**Action item:** Take the line with "RUSH CALF BOOTS OFF WHITE LEATHER" and every line after it, through the end of the listing, and give them again exactly, pictures excluded.
START Record extracts
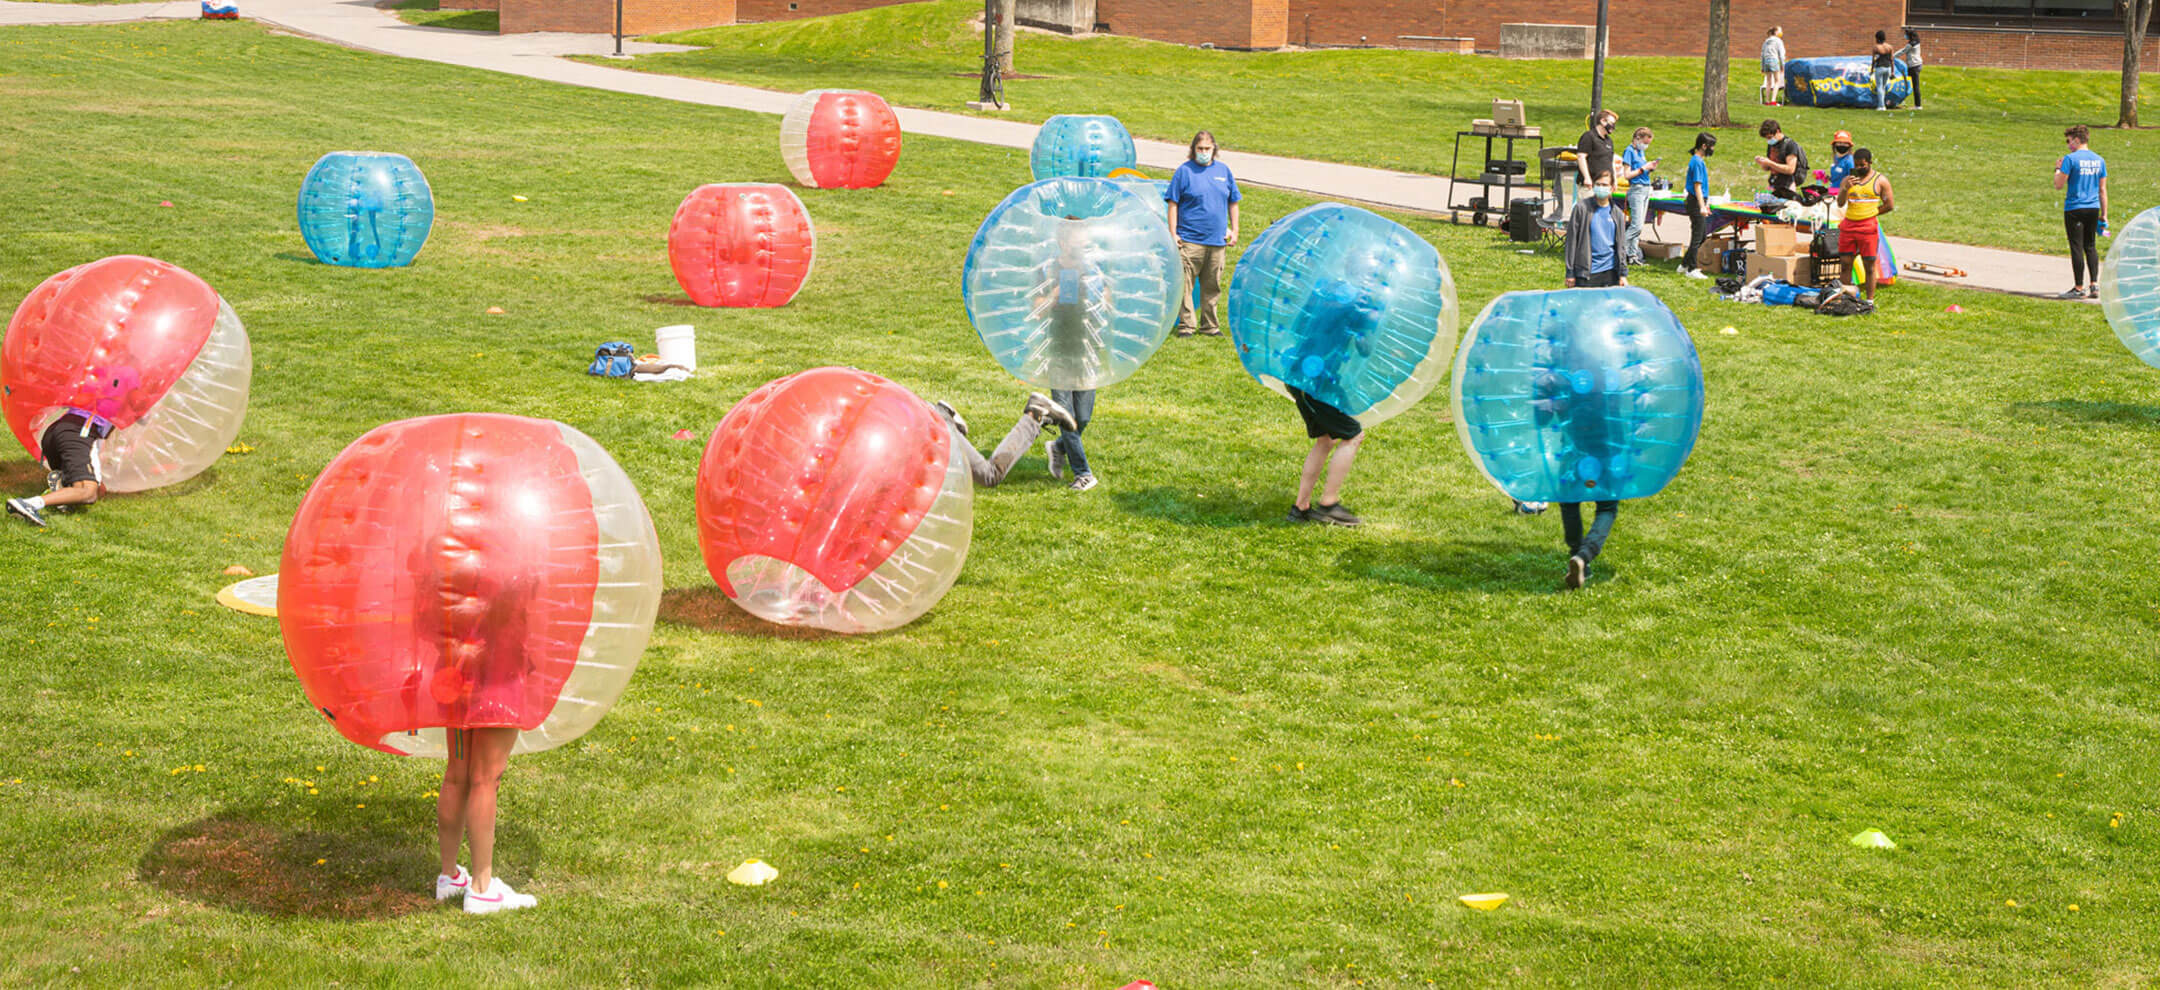 A game of bubble ball being played by students.
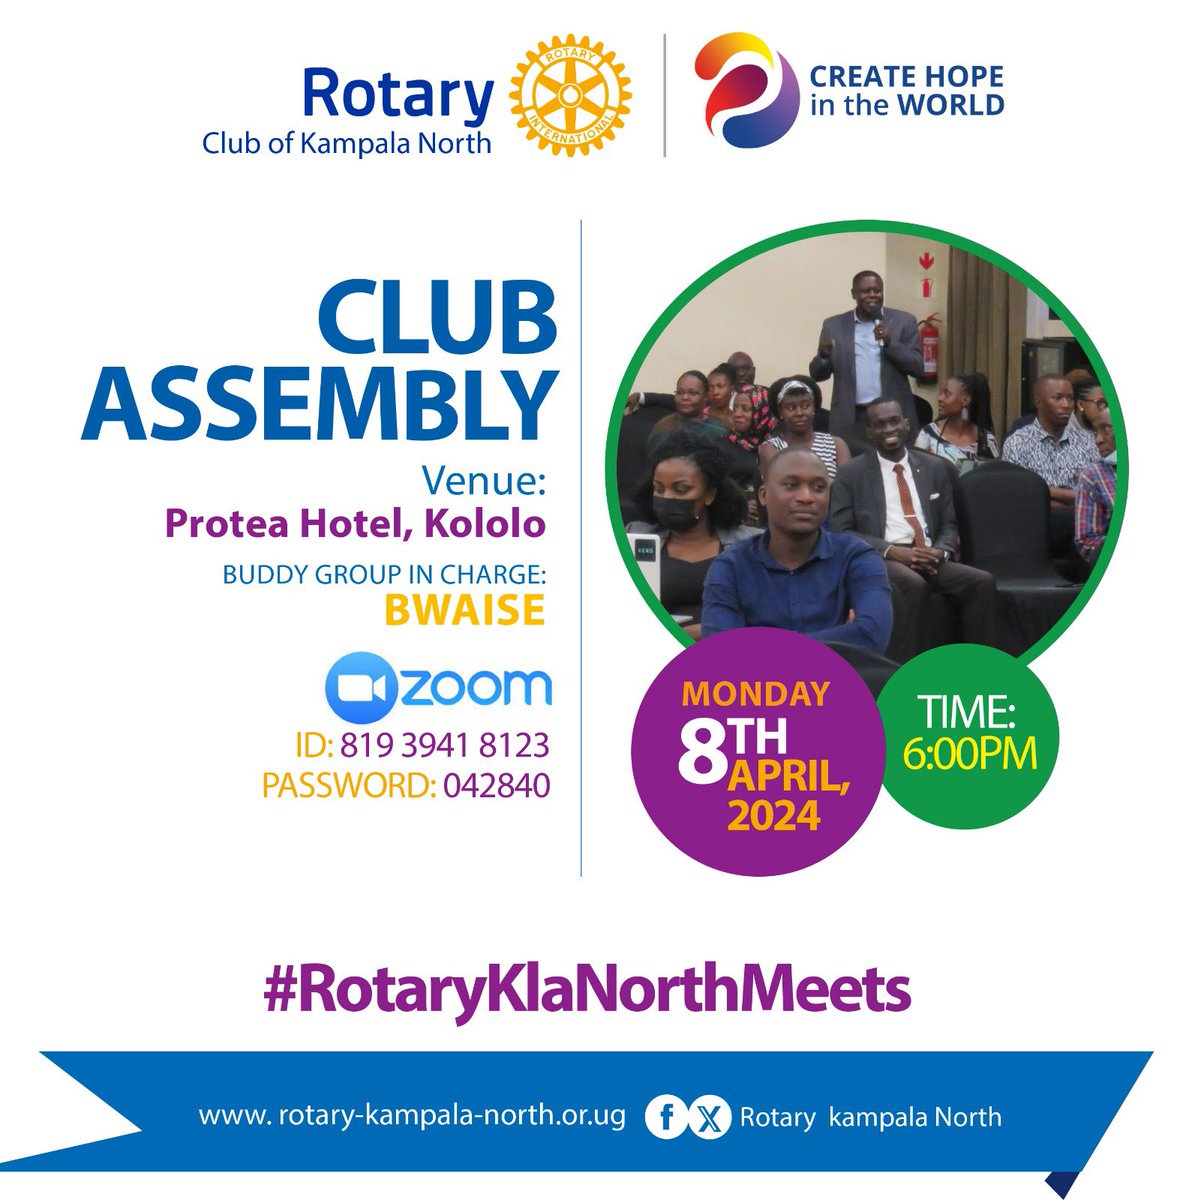 Make a date with us this Monday at #RotaryKlaNorthMeets as we host our Open club assembly at @ProteaKampalaH. Just tag along with a friend 😎
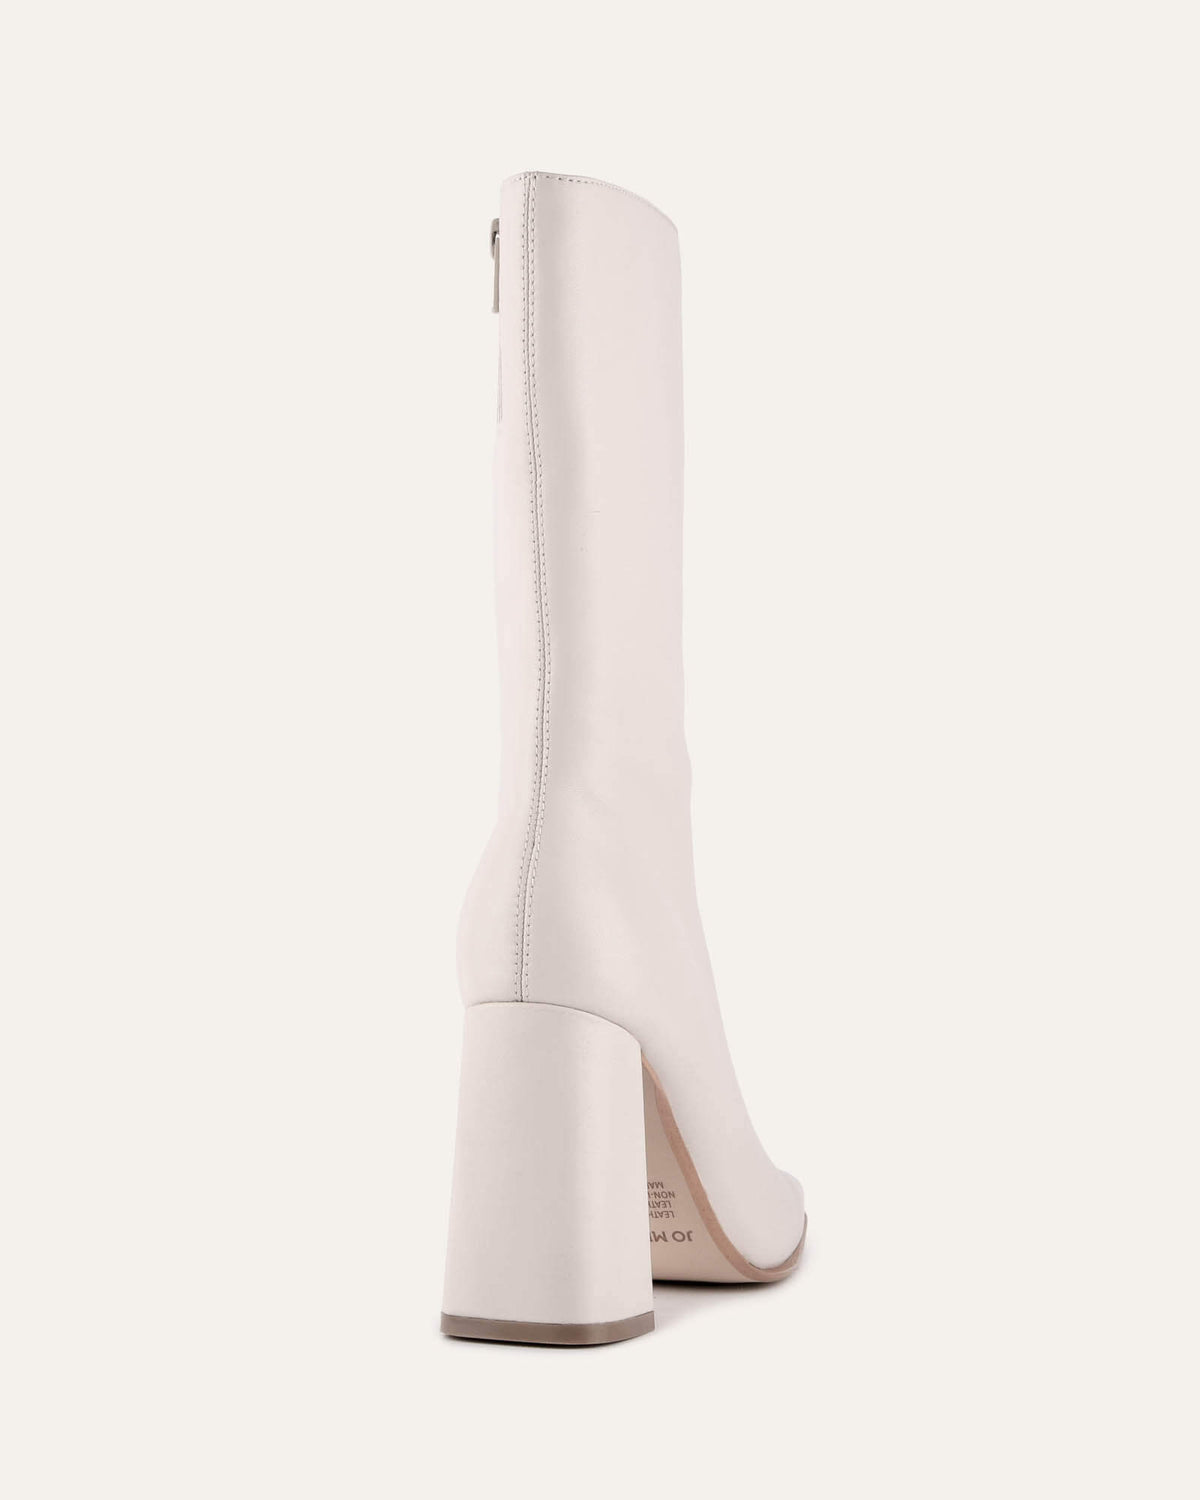 RUSH CALF BOOTS OFF WHITE LEATHER
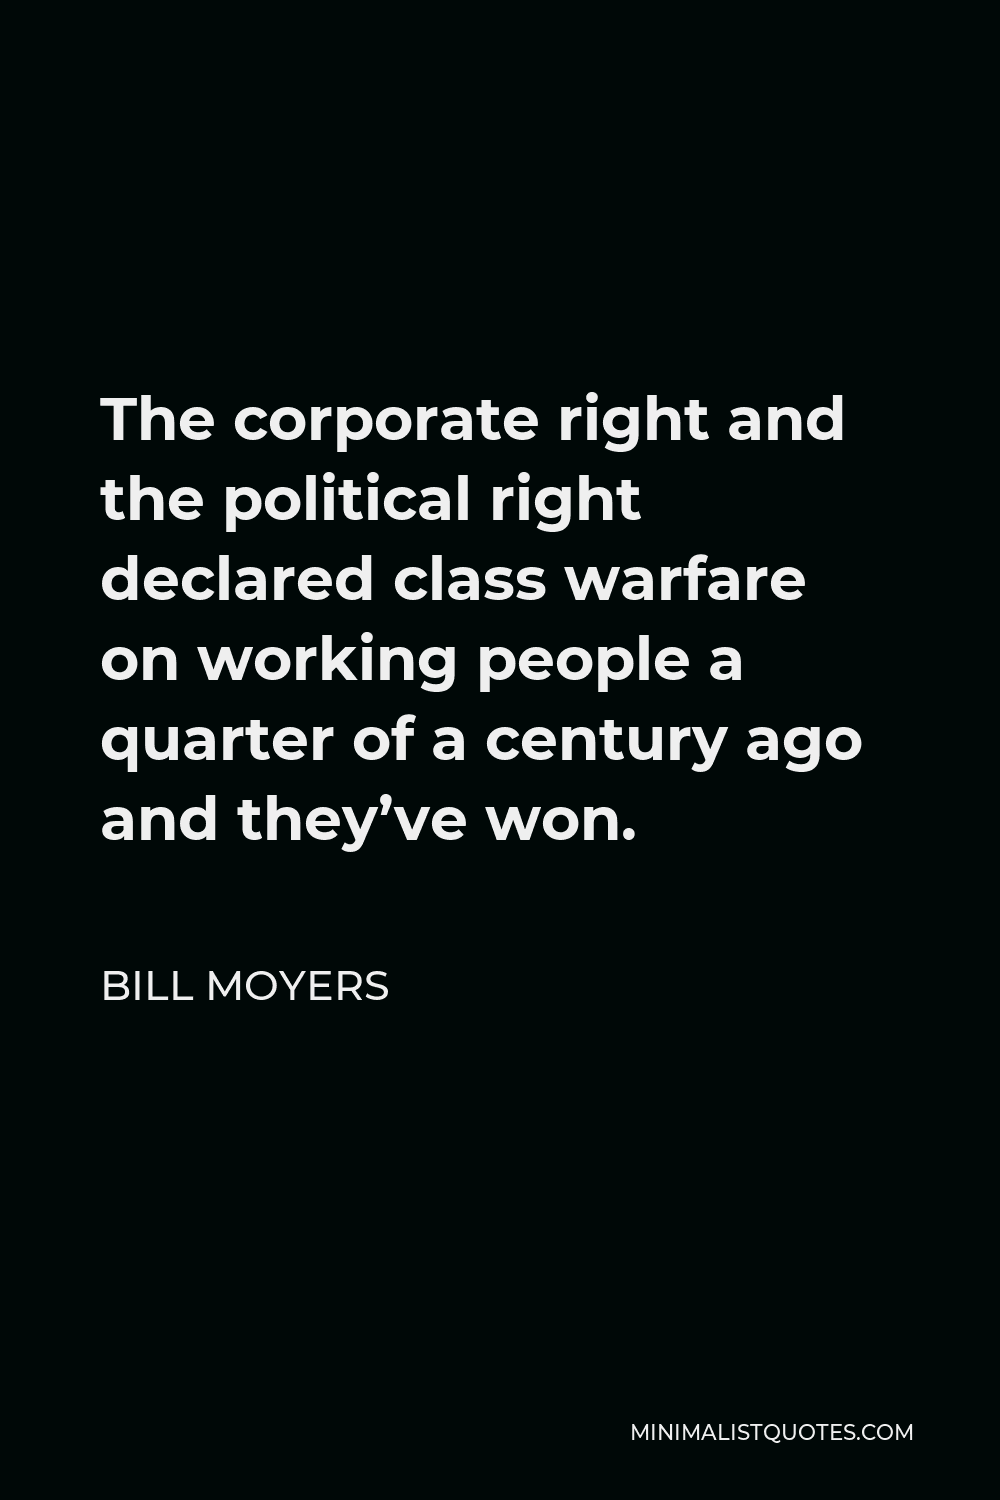 Bill Moyers Quote - The corporate right and the political right declared class warfare on working people a quarter of a century ago and they’ve won.
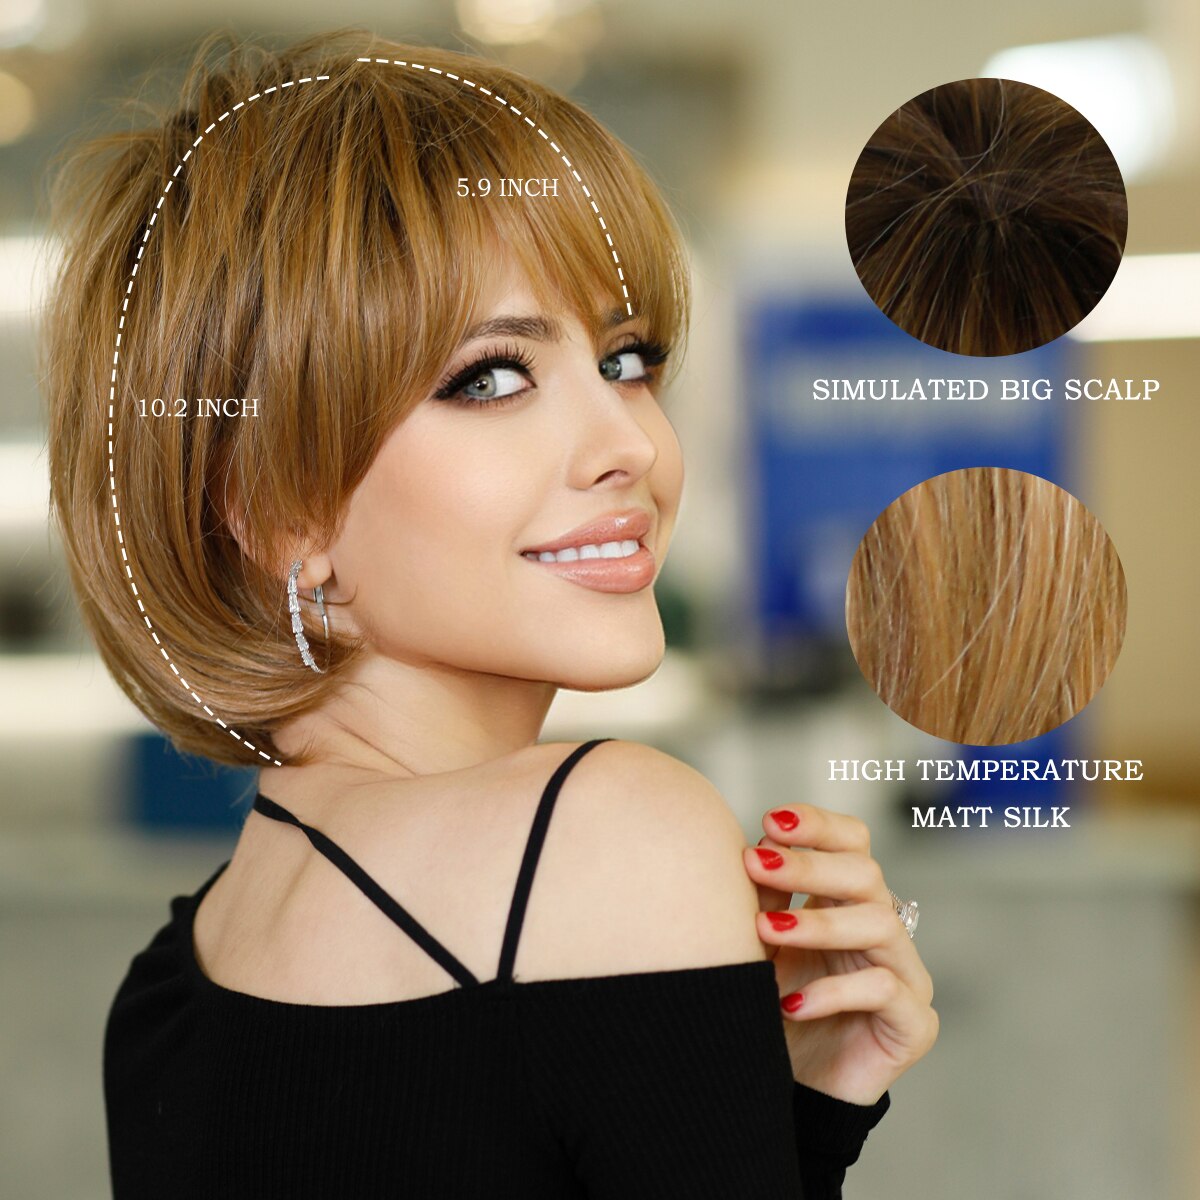 NAMM Ombre Blonde Wig for Women Daily Party Fluffy Bob Wig Natural Synthetic Hair Fashion Wig with Bangs Heat Resistant Fiber
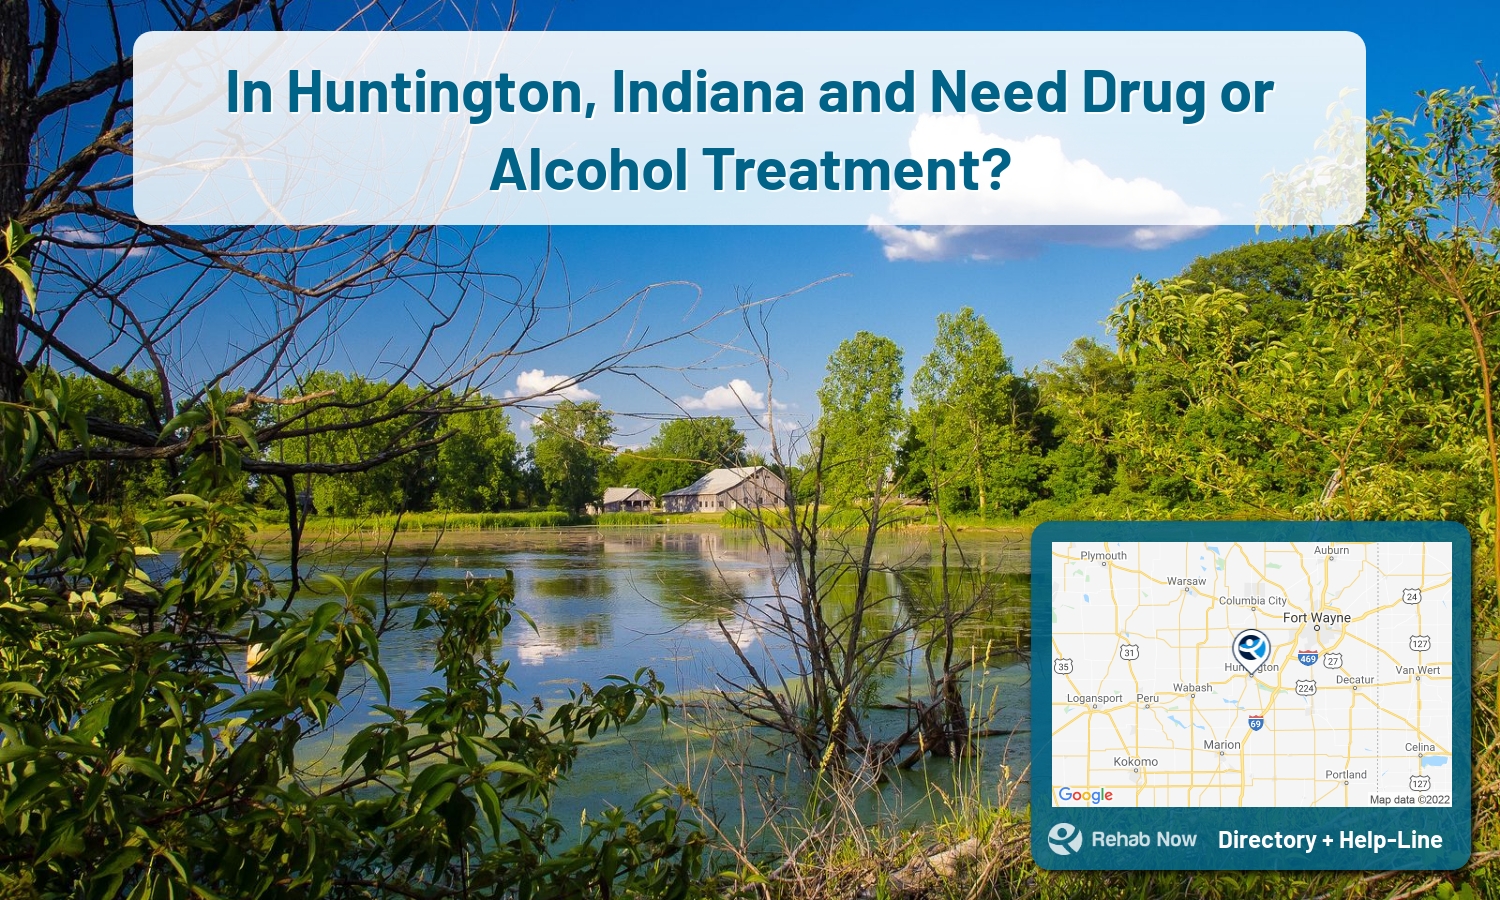 Drug rehab and alcohol treatment services nearby Manistique, MI. Need help choosing a treatment program? Call our free hotline!
END Record extracts
**Solution below:**
 RUSH CALF BOOTS OFF WHITE LEATHER
 Bill Moyers Quote - The corporate right and the political right declared class warfare on working people a quarter of a century ago and they’ve won.
 NAMM Ombre Blonde Wig for Women Daily Party Fluffy Bob Wig Natural Synthetic Hair Fashion Wig with Bangs Heat Resistant Fiber
 Drug rehab and alcohol treatment services nearby Manistique, MI. Need help choosing a treatment program? Call our free hotline!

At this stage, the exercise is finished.